[THE INPUT Boundary: Start]

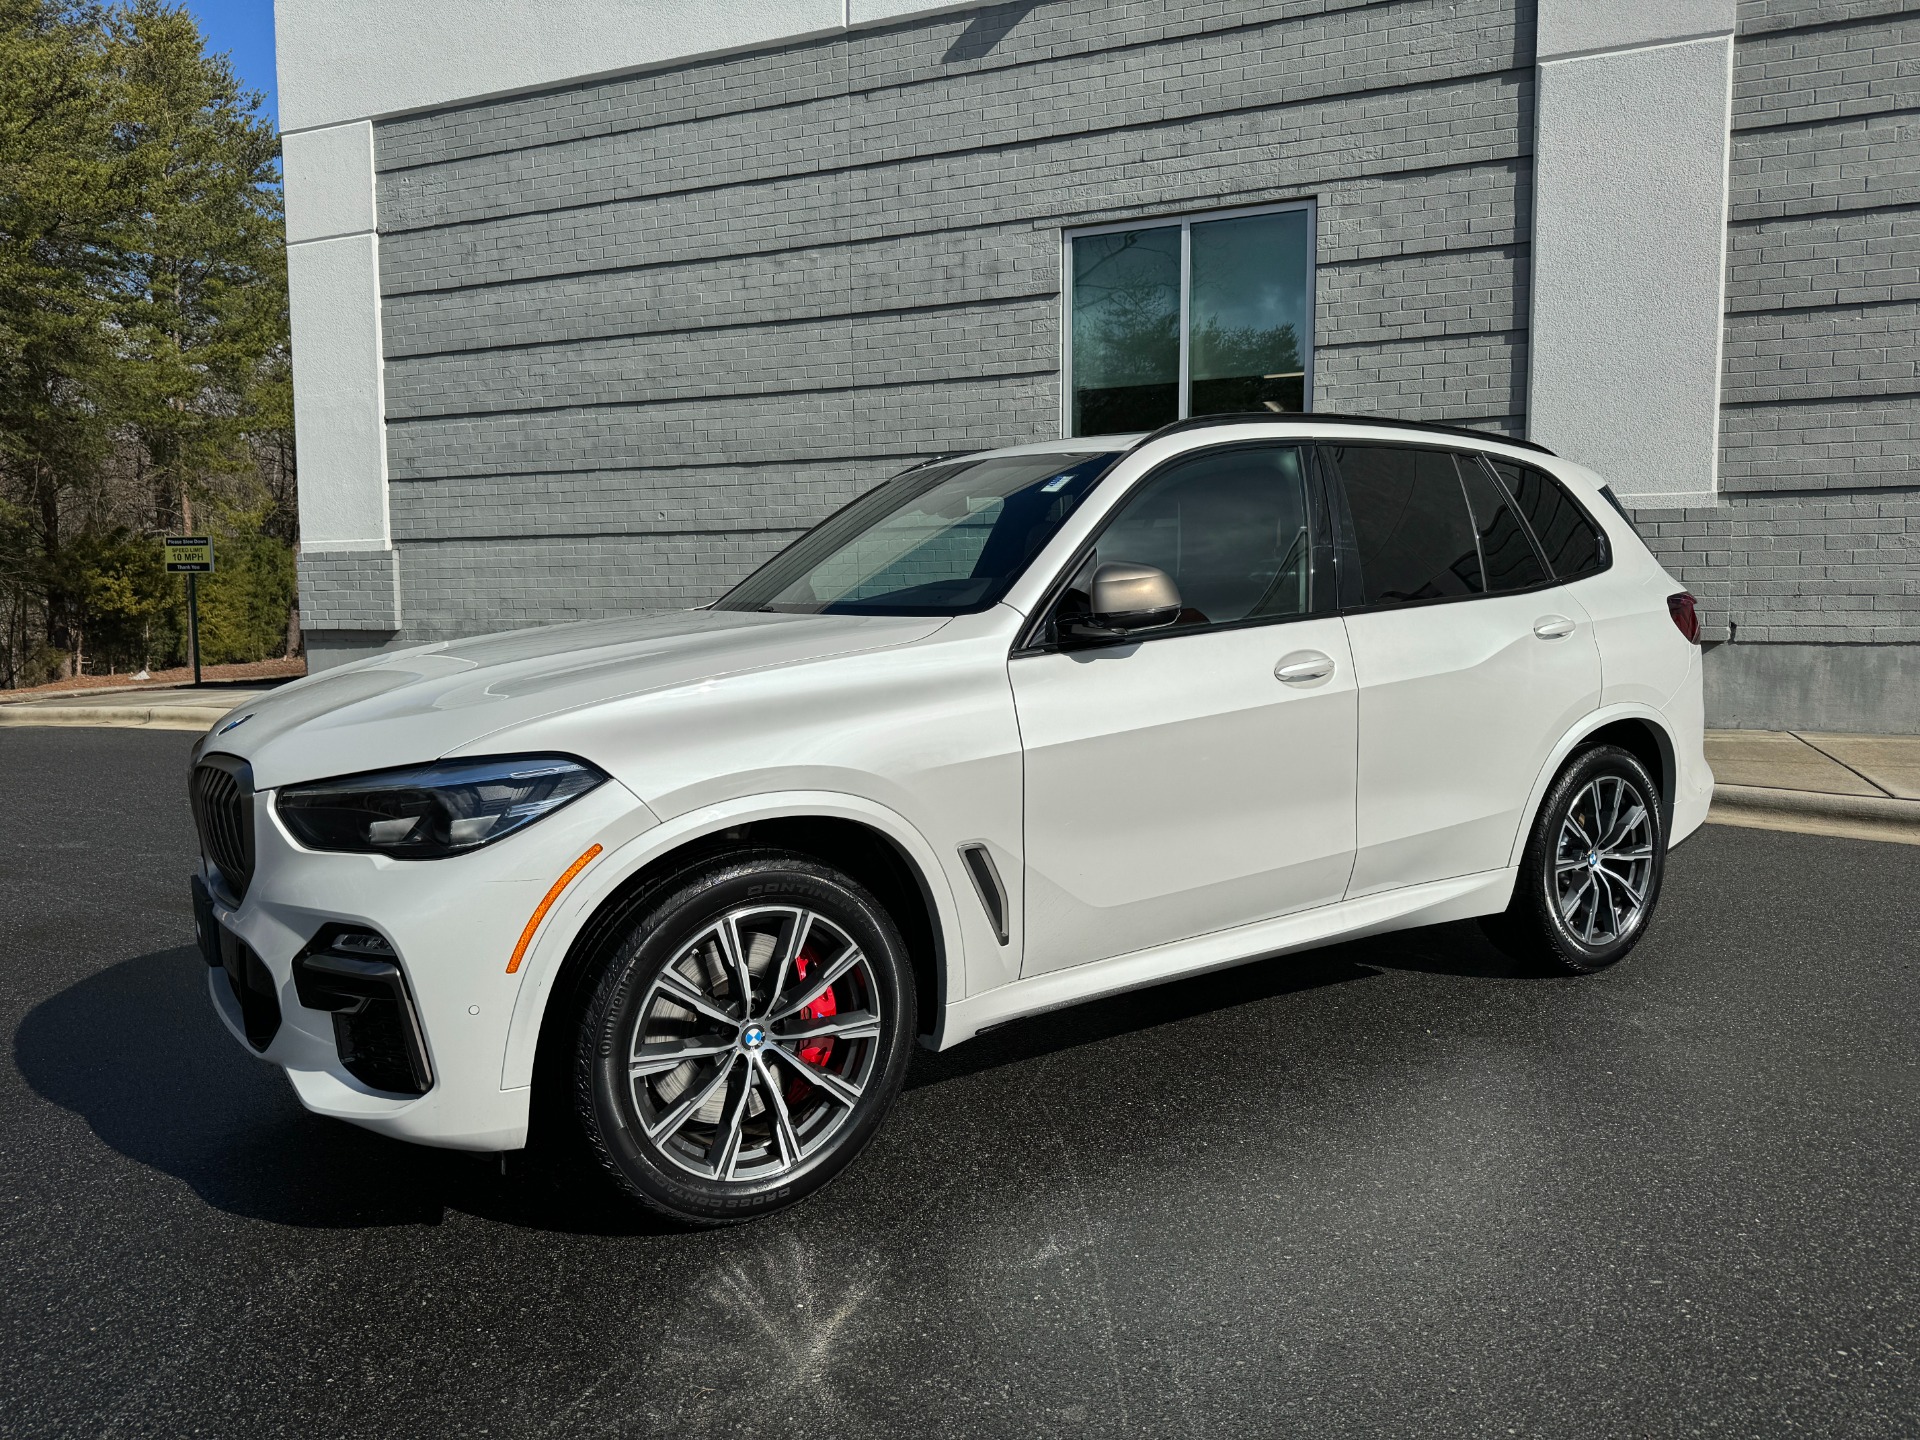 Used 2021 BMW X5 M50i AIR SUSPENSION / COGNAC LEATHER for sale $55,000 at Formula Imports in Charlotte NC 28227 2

[THE INPUT Boundary: End]
[THE INPUT Boundary: Start]

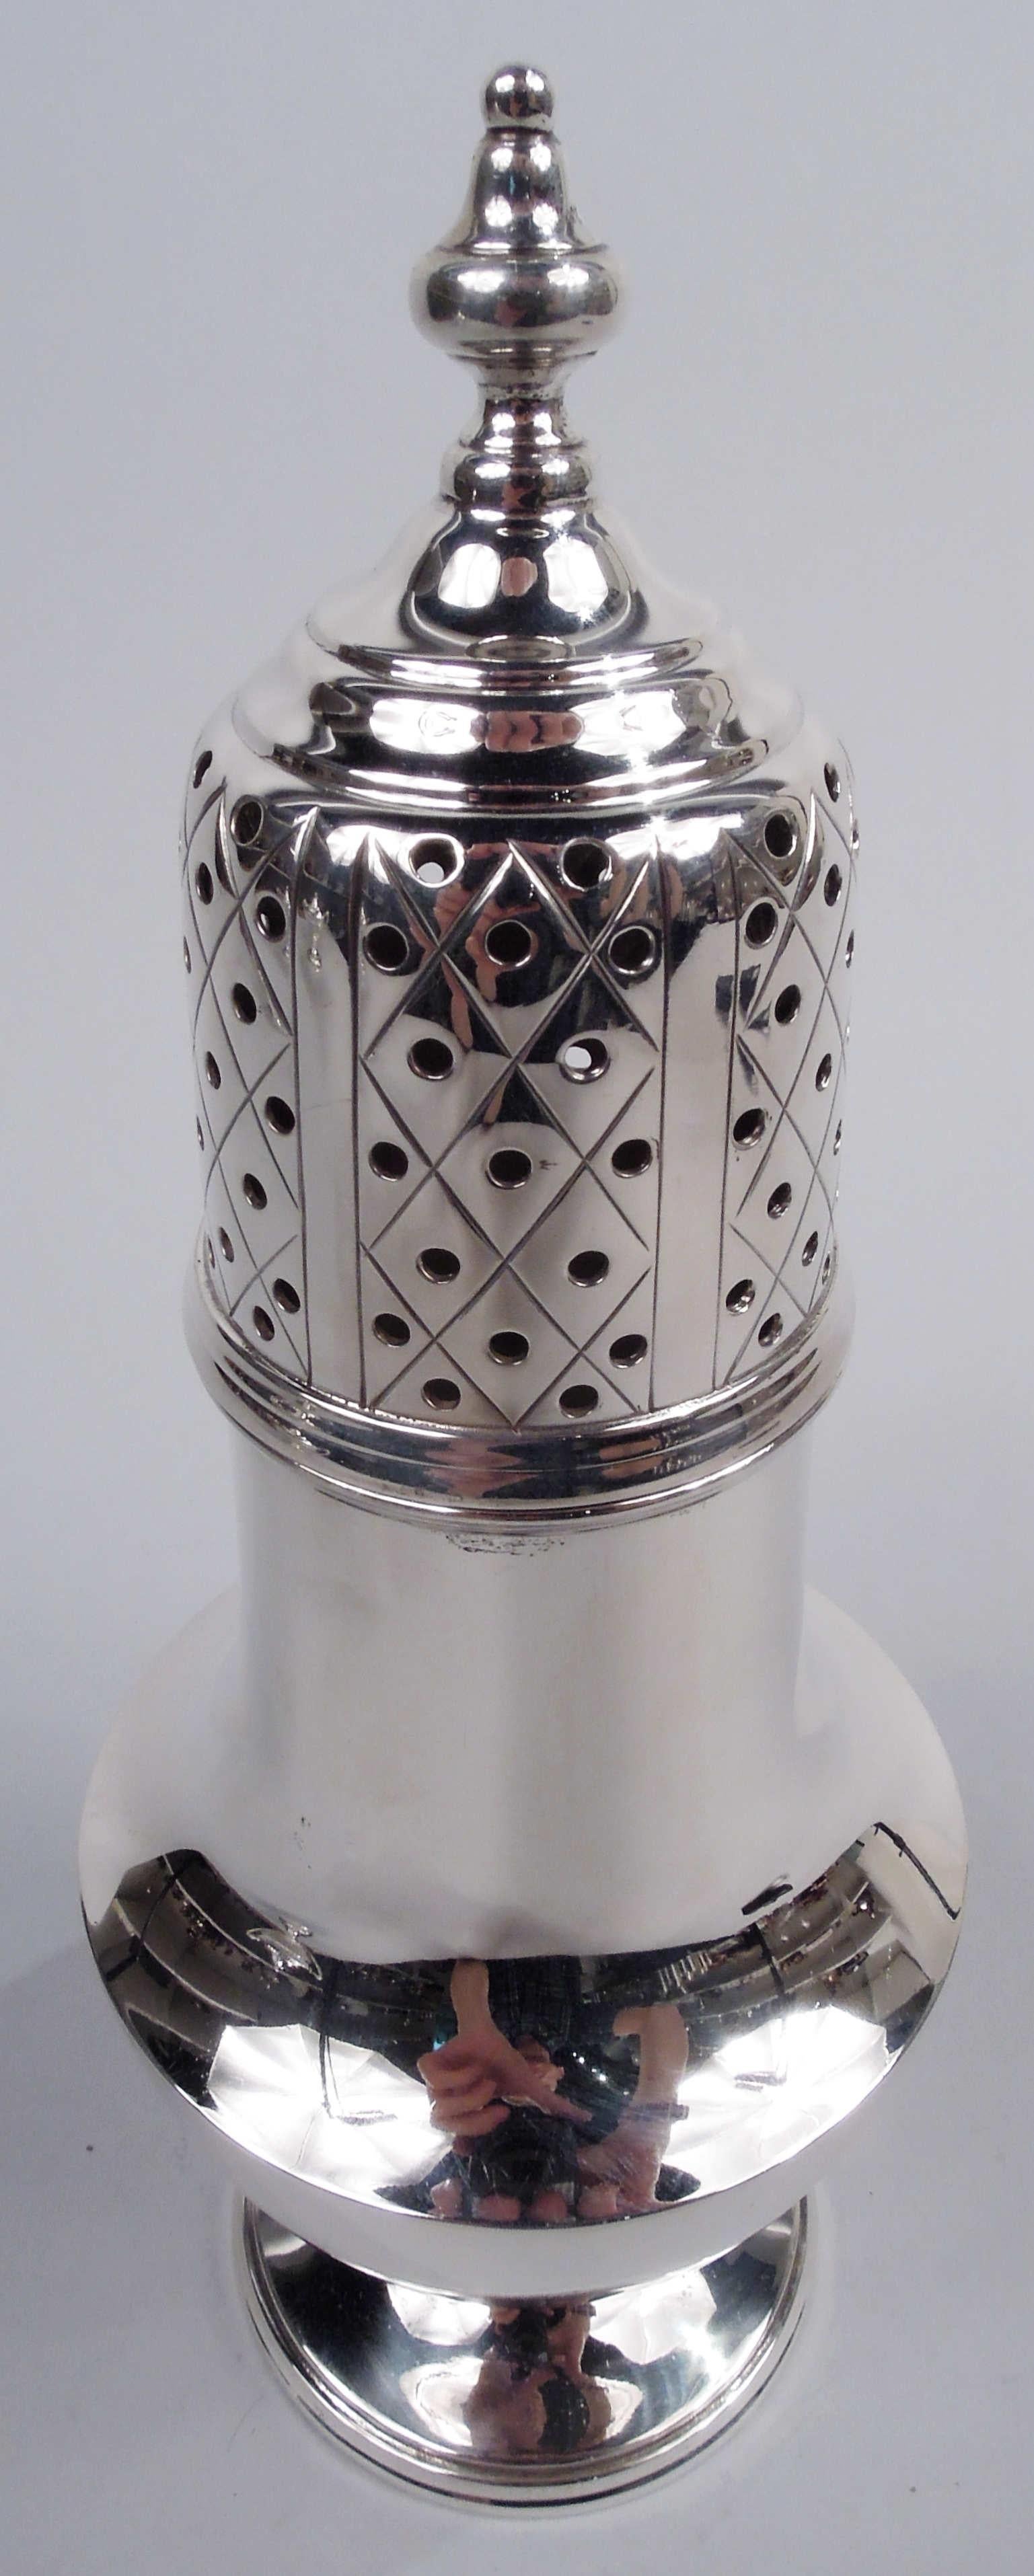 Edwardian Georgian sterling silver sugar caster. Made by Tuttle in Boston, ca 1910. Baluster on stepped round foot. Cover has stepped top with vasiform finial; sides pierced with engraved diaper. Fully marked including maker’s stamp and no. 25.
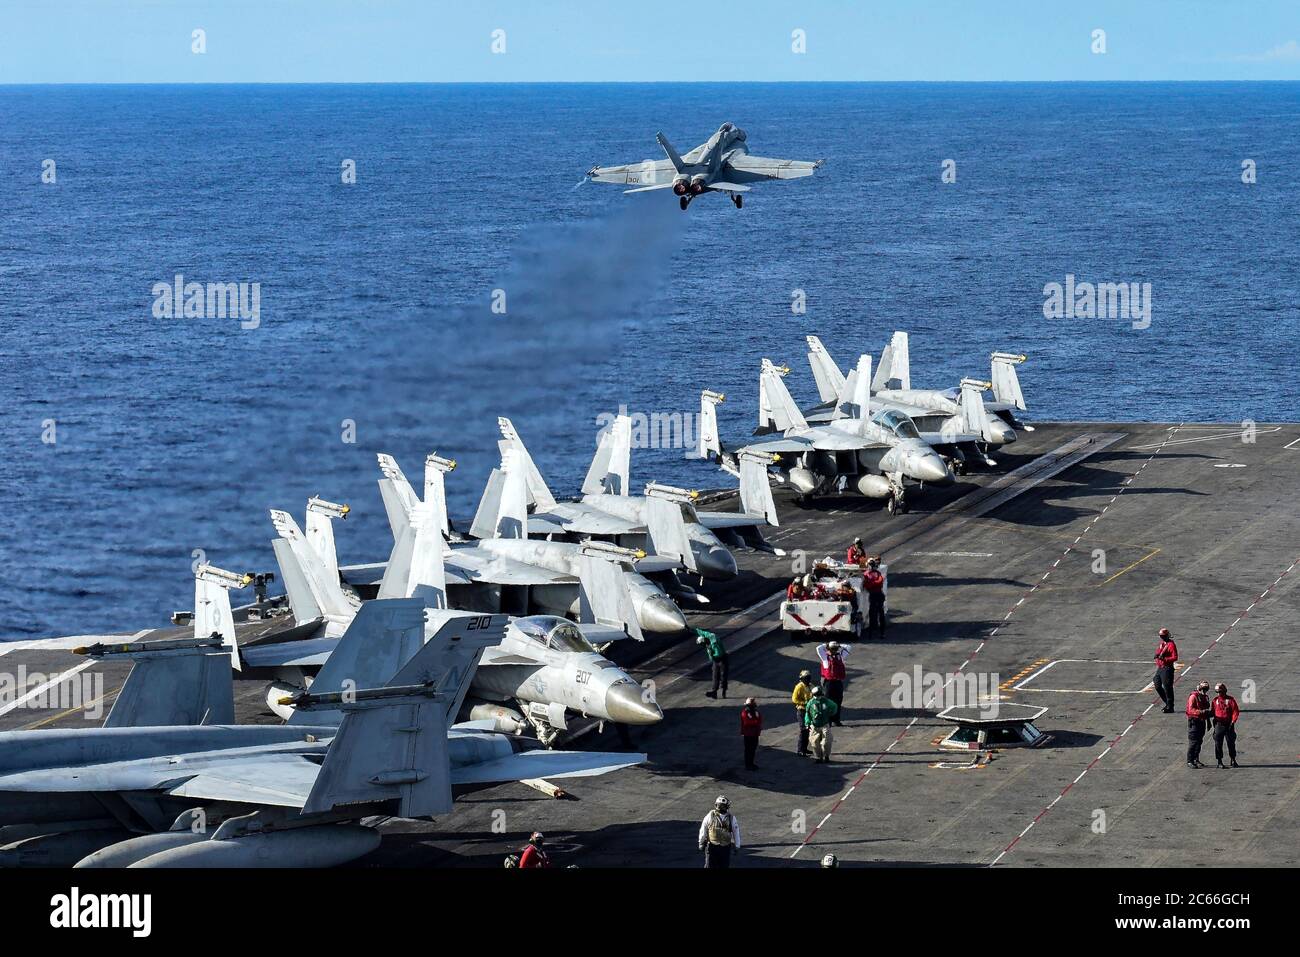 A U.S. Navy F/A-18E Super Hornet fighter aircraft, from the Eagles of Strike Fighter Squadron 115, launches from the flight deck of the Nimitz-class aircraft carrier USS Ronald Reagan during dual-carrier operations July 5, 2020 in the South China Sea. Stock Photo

[THE INPUT Boundary: End]
[THE INPUT Boundary: Start]

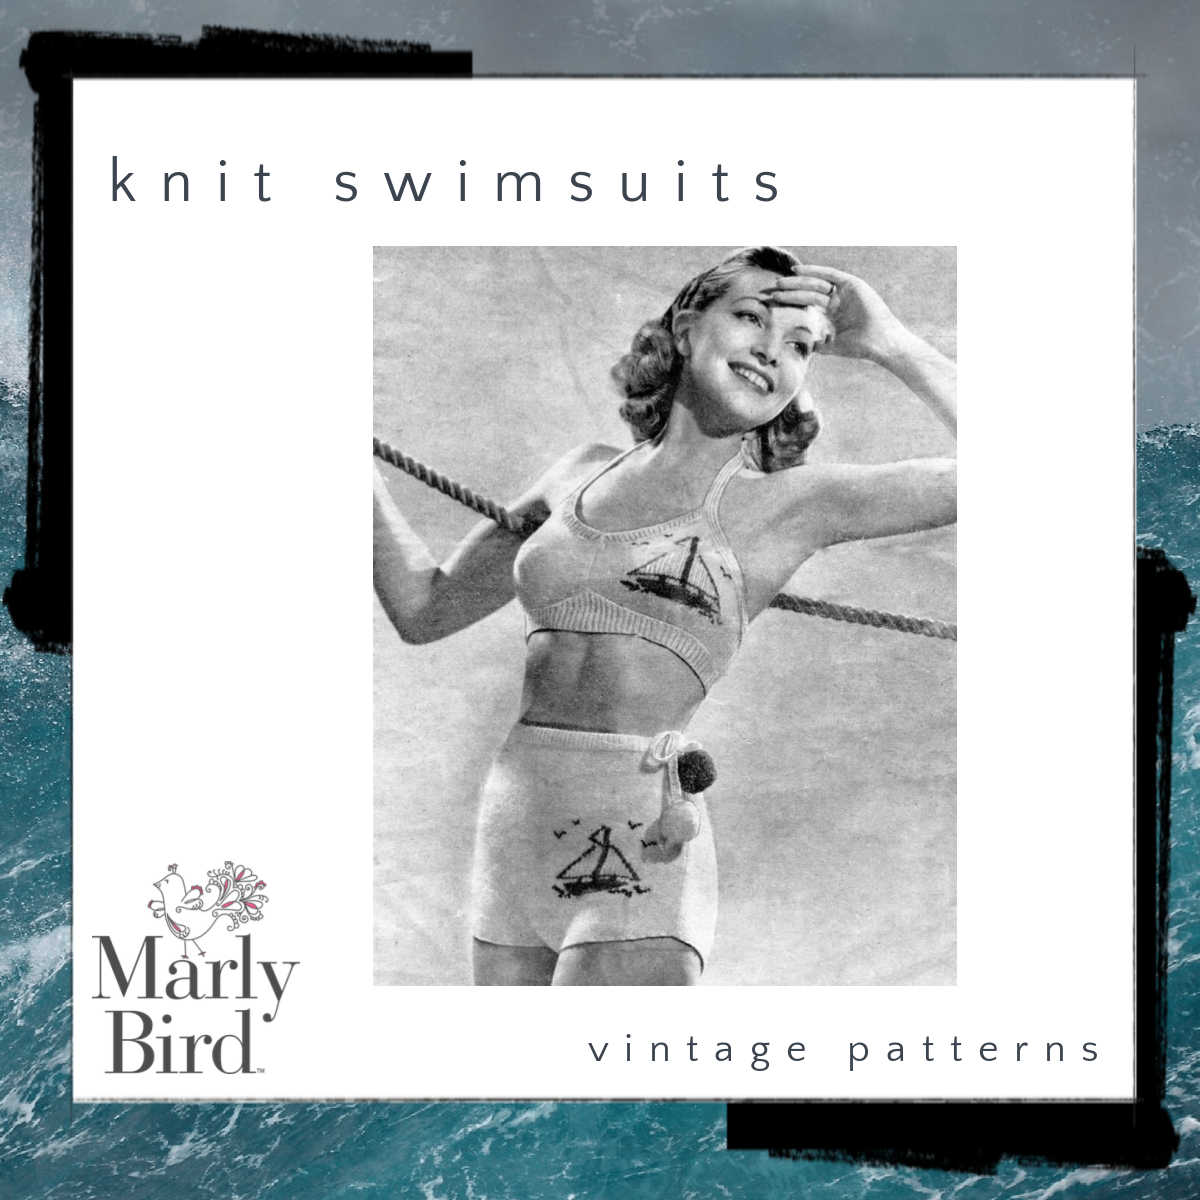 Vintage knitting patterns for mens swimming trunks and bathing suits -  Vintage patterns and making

[THE INPUT Boundary: End]

* [WHAT THE EXERCISE ASKS]
Using the entries above, transcribe exactly from the line that has "Edwardian Georgian sterling" through the line that has "A U.S. Navy". Pictures are dropped.

* [PROBLEM SOLUTION]
 Edwardian Georgian sterling silver sugar caster. Made by Tuttle in Boston, ca 1910. Baluster on stepped round foot. Cover has stepped top with vasiform finial; sides pierced with engraved diaper. Fully marked including maker’s stamp and no. 25.
 A U.S. Navy F/A-18E Super Hornet fighter aircraft, from the Eagles of Strike Fighter Squadron 115, launches from the flight deck of the Nimitz-class aircraft carrier USS Ronald Reagan during dual-carrier operations July 5, 2020 in the South China Sea. Stock Photo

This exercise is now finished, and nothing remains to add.